To further investigate the results of the proposed model and clarify the task, this subsection analyzes a case study of the dataset. The performance of various methods in terms of text location inference is reported, with the results shown in Figure 9.

The central location of the text is closer to the Empire State Building, and relatively farther from other geographical references. GeoSG successfully captures these semantic and geographical features, yielding accurate inference results. Rvs and BD, by understanding semantics, identified the optimal individual geographic entity as the center of the text, achieving good performance in this case as well. Mean was influenced by three geographically less relevant entities, resulting in a biased inference. Similarly, Random selected geographically less relevant entities, leading to a larger deviation. AttReg inferred a location outside the map, possibly due to a decreasing trend in latitude while learning the relationships between coordinates. BA matched a location outside the map. Geo-twitter, due to insufficient training, predicted a significantly deviated location. LLM-Loc, leveraging the capabilities of large models, achieved relatively accurate results.

5.7. Error Distribution Analysis

To further investigate the performance of various models, this subsection will visualize the error distribution of GeoSG and the seven baseline methods. Figure 10 visualizes the error distributions of these methods on the Manhattan dataset for distances of <1 km, 1–3 km, 3–5 km and >5 km.
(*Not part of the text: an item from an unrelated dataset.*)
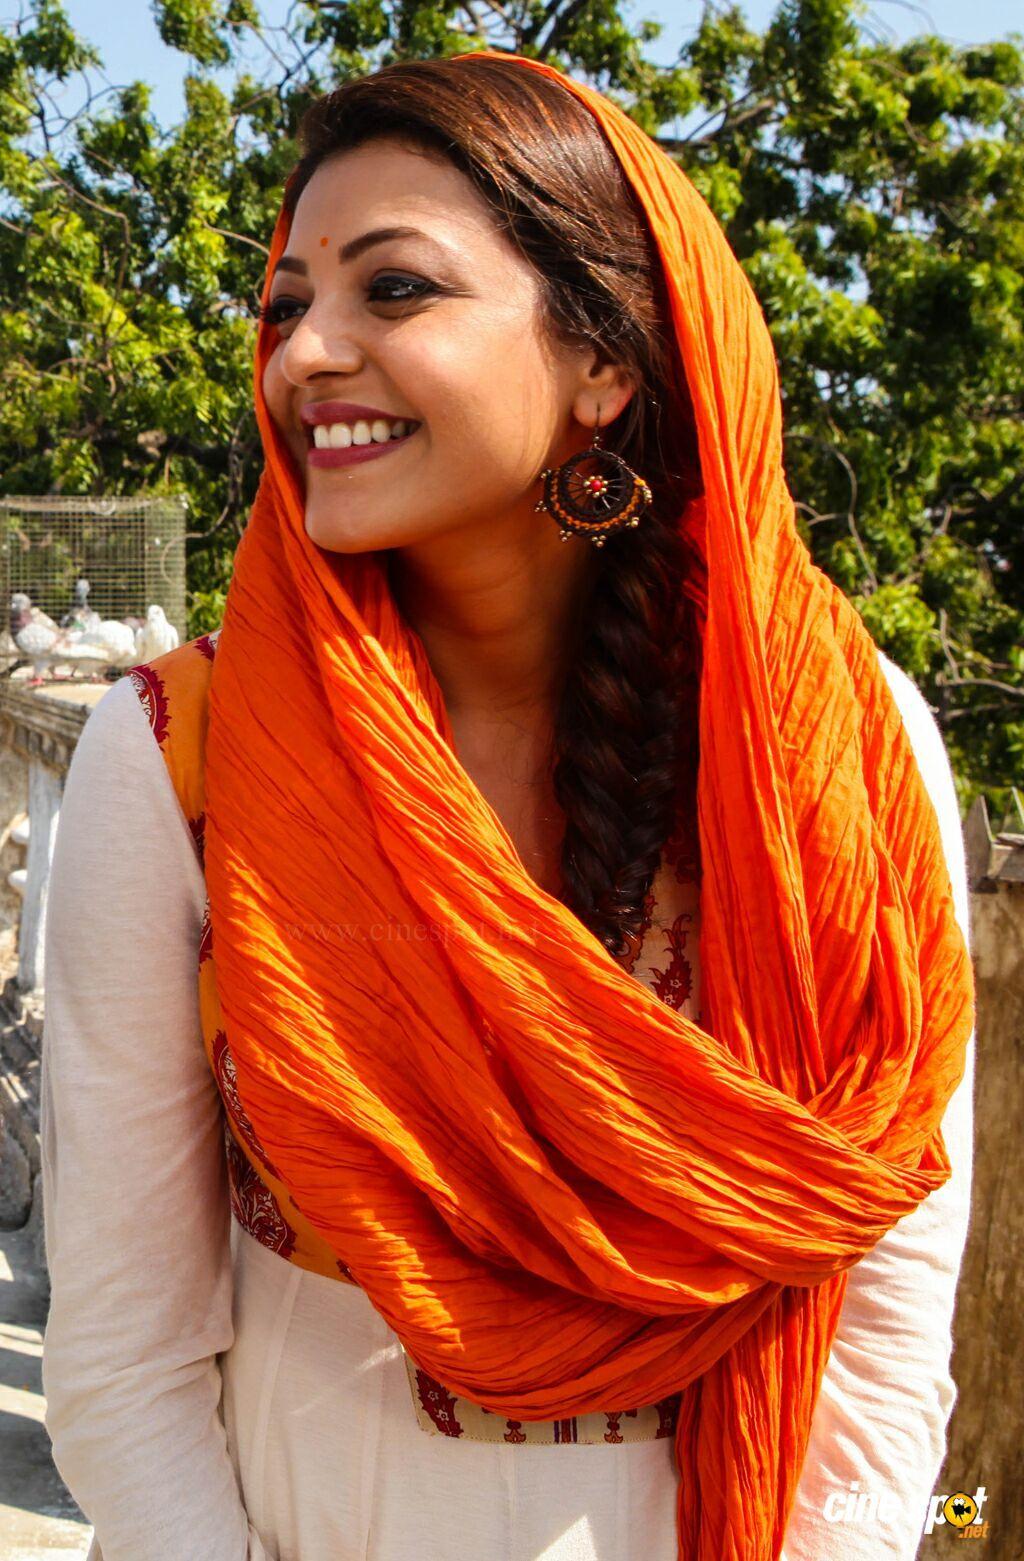 Kajal Agarwal In Maari South Indian Actress Indian Girls Actresses
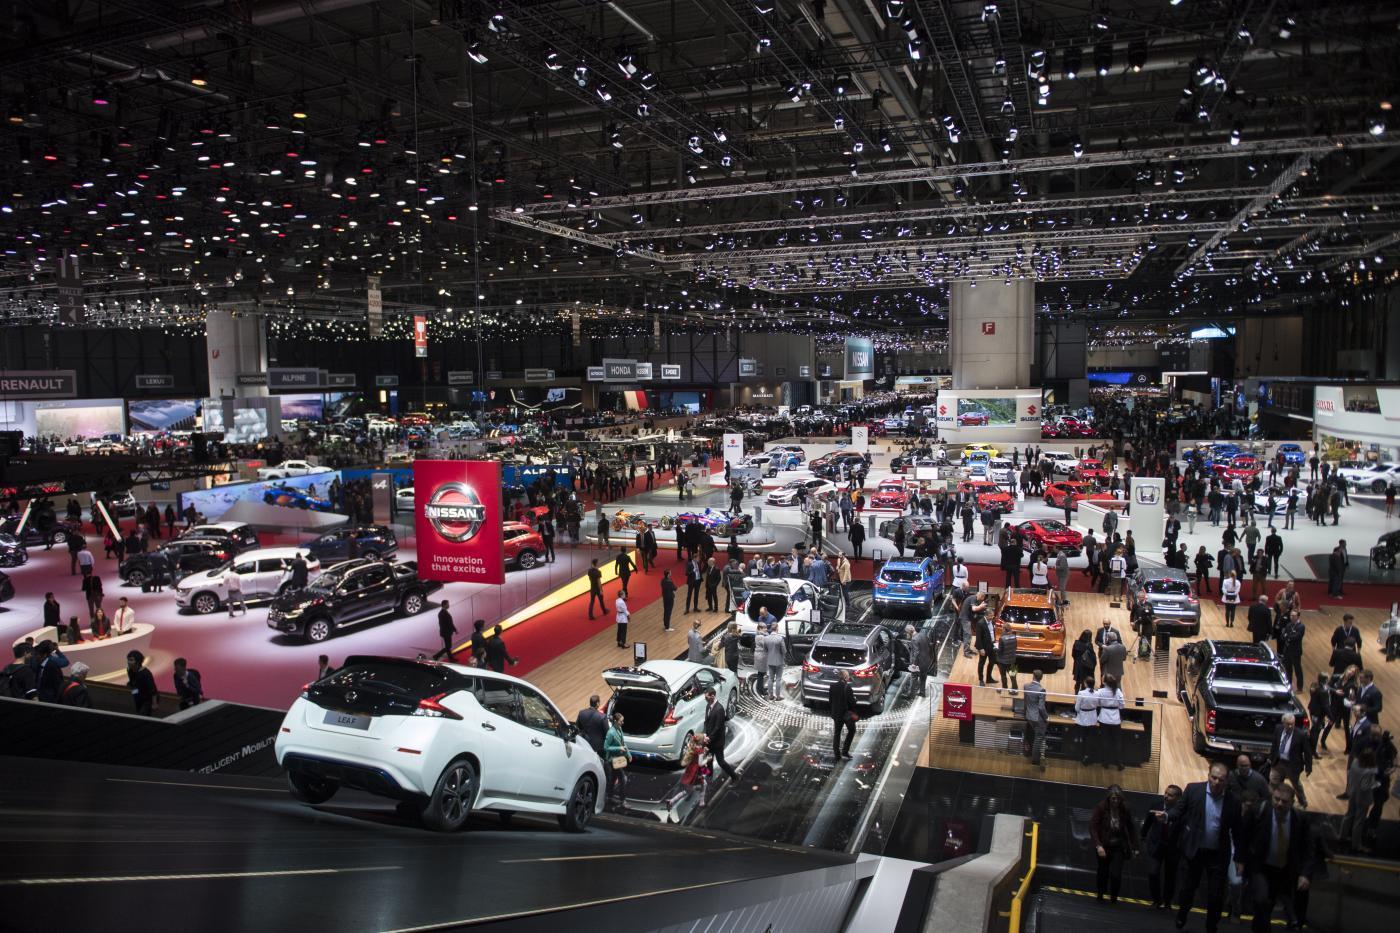 Ferrari, Maserati, Alfa Romeo e non solo. L'industria automobilistica italiana fa la voce grossa al Salone internazionale di Ginevra.

Figure 10 shows that GeoSG predictions are more concentrated within the 1 km error range compared to the baseline methods, thereby demonstrating the superiority of the proposed method in geolocation prediction accuracy.

The Mean and Random methods exhibit the highest error proportions in the 1–3 km range. This suggests that while simple methods based on entity geolocations like Mean and Random can roughly predict locations. BD, which utilizes semantic information to a greater extent than Random, exhibits a significant increase in hits within the 1 km range, although there is only a slight decrease at distances greater than 5 km. This is because it selected more closed entities via incorporating feature information, which indicates that the incorporation of semantic information can enhance the performance of text geolocation models, although the use of single entity mentions for positioning still has limitations. BA exhibits poor performance across all error ranges, indicating that text location inference in the unlabeled sample scenario is highly dependent on the mention of geographic entities in the text. In comparison to the Mean method, Rvs shows performance improvements in both the <1 km and <5 km ranges. This can be considered an enhanced Mean method, in alignment with the analysis presented in Section 5.1. LLM-Loc shows a high proportion of predictions within the <1 km range, which demonstrates that advanced generative language models have strong geolocation inference capabilities. It should be noted that this method shows a high proportion of errors in the >5 km range. We argue that this is due to the fact that prediction errors are amplified during the process of generating text.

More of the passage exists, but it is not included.